J Clin Med. 2025 Apr 29;14(9):3068. doi: 10.3390/jcm14093068.

Abstract

: The usefulness of presepsin, which is released from macrophages, in acute exacerbation of interstitial lung diseases (AE-ILDs) is unknown. We aimed to investigate the utility of monitoring presepsin with other AE-ILD markers before and after steroid pulse therapy in AE-ILDs. : This pilot single-center retrospective observational study involved 16 patients with AE-ILDs, including the AE of idiopathic pulmonary fibrosis and idiopathic nonspecific interstitial pneumonia and rapidly progressive connective tissue disease-associated ILD. Patients who survived 90 days were assigned to the survival group ( = 9).

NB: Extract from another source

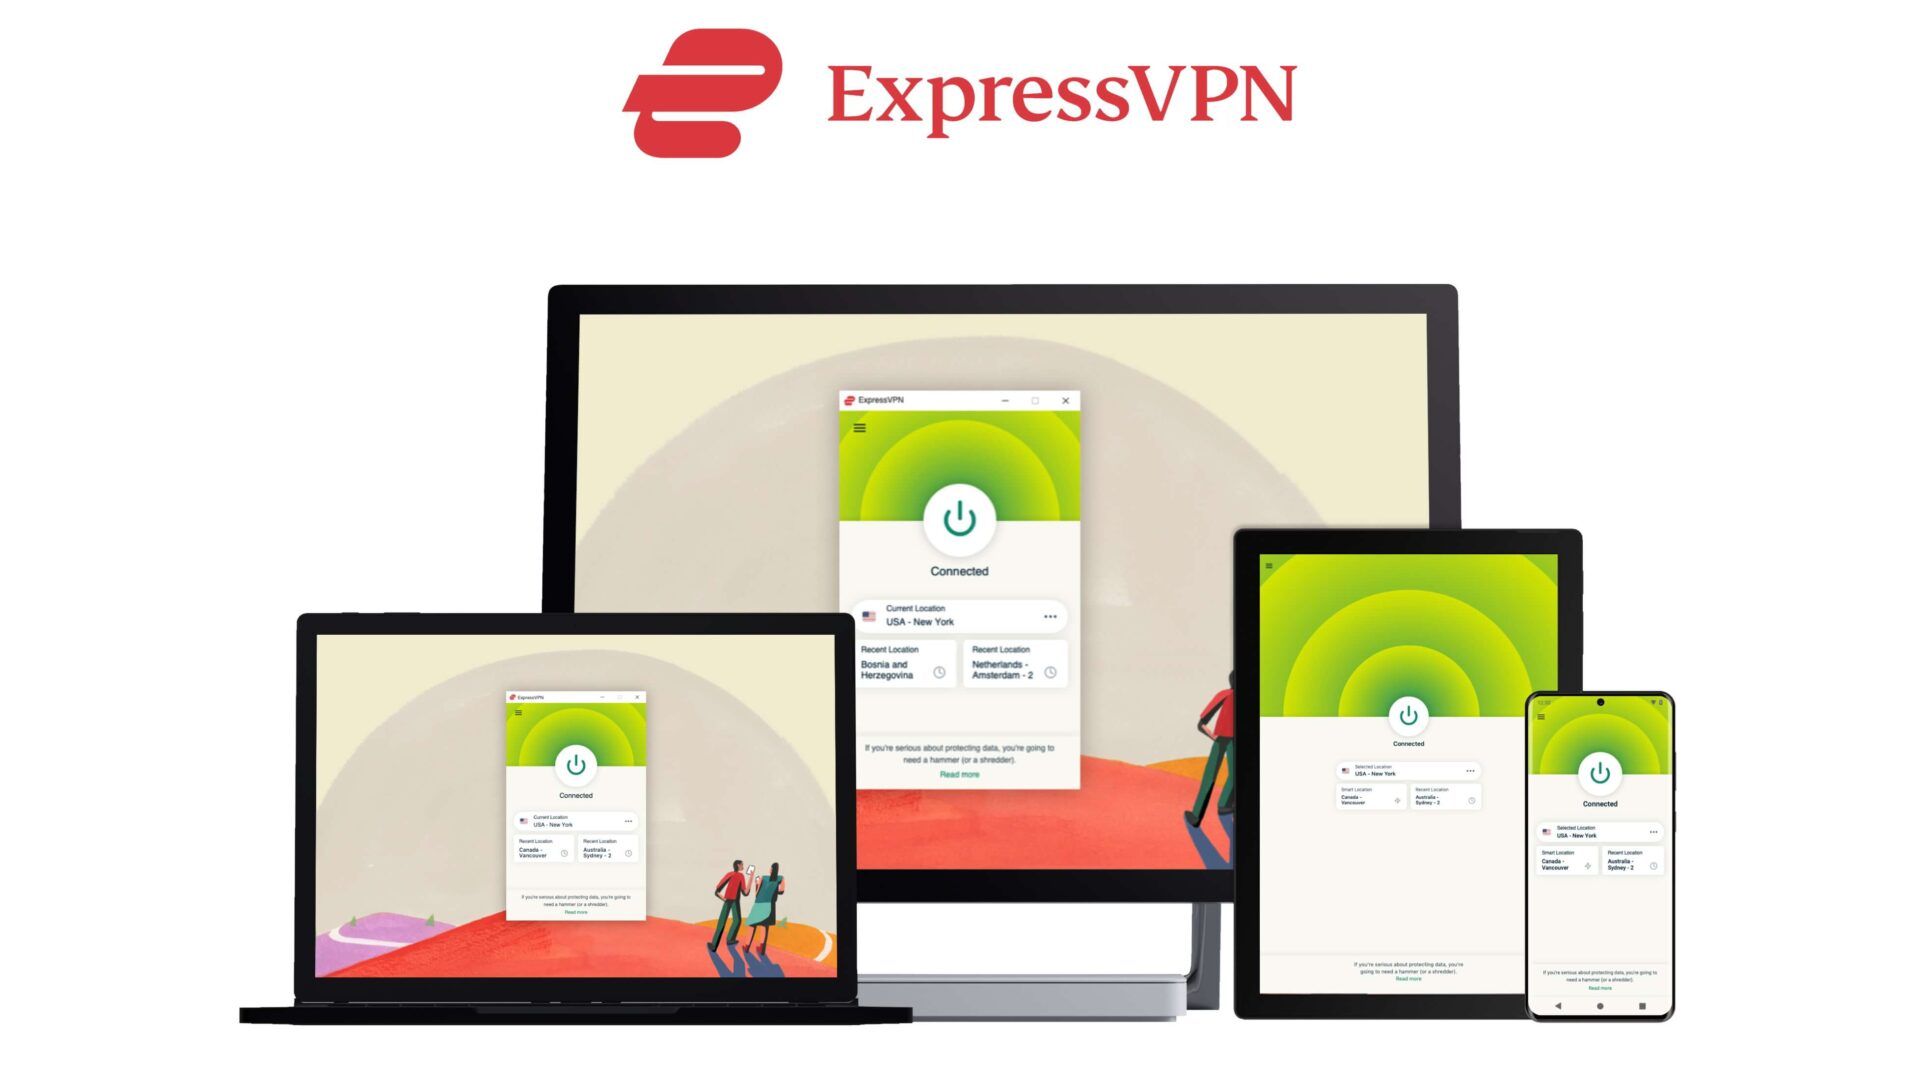 ExpressVPN devices image

The remaining patients were classified in the non-survivor group ( = 7). To evaluate the therapeutic efficacy of steroid pulse therapy, specific serum markers were selected-presepsin, as a novel AE-ILD marker, and surfactant protein D, C-reactive protein, and lactate dehydrogenase (LDH), as classical AE-ILD markers. : Thirteen out of sixteen patients with AE-ILDs showed high presepsin levels (presepsin ≥ 470 pg/mL) before steroid pulse therapy. The post-/pre-presepsin ratio and the post-/pre-LDH ratio, calculated by dividing the presepsin and LDH levels after therapy by the levels before therapy, respectively, showed a positive correlation (r = 0.579, = 0.021). As a result of this correlation, the post-/pre-presepsin-LDH index was created, obtained from the "post-/pre-presepsin ratio" multiplied by the "post-/pre-LDH ratio". In a receiver operating characteristic curve analysis for non-survival, the post-/pre-presepsin-LDH index showed good discrimination as a prognostic marker for a poor outcome (AUC: 0.873, 95% confidence interval: 0.655-0.999). : Tracking presepsin and LDH simultaneously may be useful for determining treatment response to steroid pulse therapy in the clinical management of AE-ILDs.

摘要

巨噬细胞释放的可溶性髓系细胞触发受体-1(presepsin)在间质性肺疾病急性加重期(AE-ILDs)中的作用尚不清楚。我们旨在研究在AE-ILDs中,在类固醇冲击治疗前后,将presepsin与其他AE-ILD标志物一起监测的效用。:这项单中心前瞻性回顾性观察研究纳入了16例AE-ILDs患者,包括特发性肺纤维化、特发性非特异性间质性肺炎的急性加重期以及快速进展性结缔组织病相关的ILD。存活90天的患者被归入存活组(n = 9)。其余患者被分类为非存活组(n = 7)。为了评估类固醇冲击治疗的疗效,选择了特定的血清标志物——作为一种新型AE-ILD标志物的presepsin,以及作为经典AE-ILD标志物的表面活性蛋白D、C反应蛋白和乳酸脱氢酶(LDH)。:16例AE-ILDs患者中有13例在类固醇冲击治疗前显示出高presepsin水平(presepsin≥470 pg/mL)。通过将治疗后的presepsin和LDH水平分别除以治疗前的水平计算得出的治疗后/治疗前presepsin比值和治疗后/治疗前LDH比值显示出正相关(r = 0.579,P = 0.021)。由于这种相关性,创建了治疗后/治疗前presepsin-LDH指数,该指数是通过“治疗后/治疗前presepsin比值”乘以“治疗后/治疗前LDH比值”获得的。在针对非存活情况的受试者工作特征曲线分析中,治疗后/治疗前presepsin-LDH指数作为预后不良的预测标志物显示出良好的辨别力(曲线下面积:0.873,95%置信区间:0.655-0.999)。:在AE-ILDs的临床管理中,同时追踪presepsin和LDH可能有助于确定对类固醇冲击治疗的反应。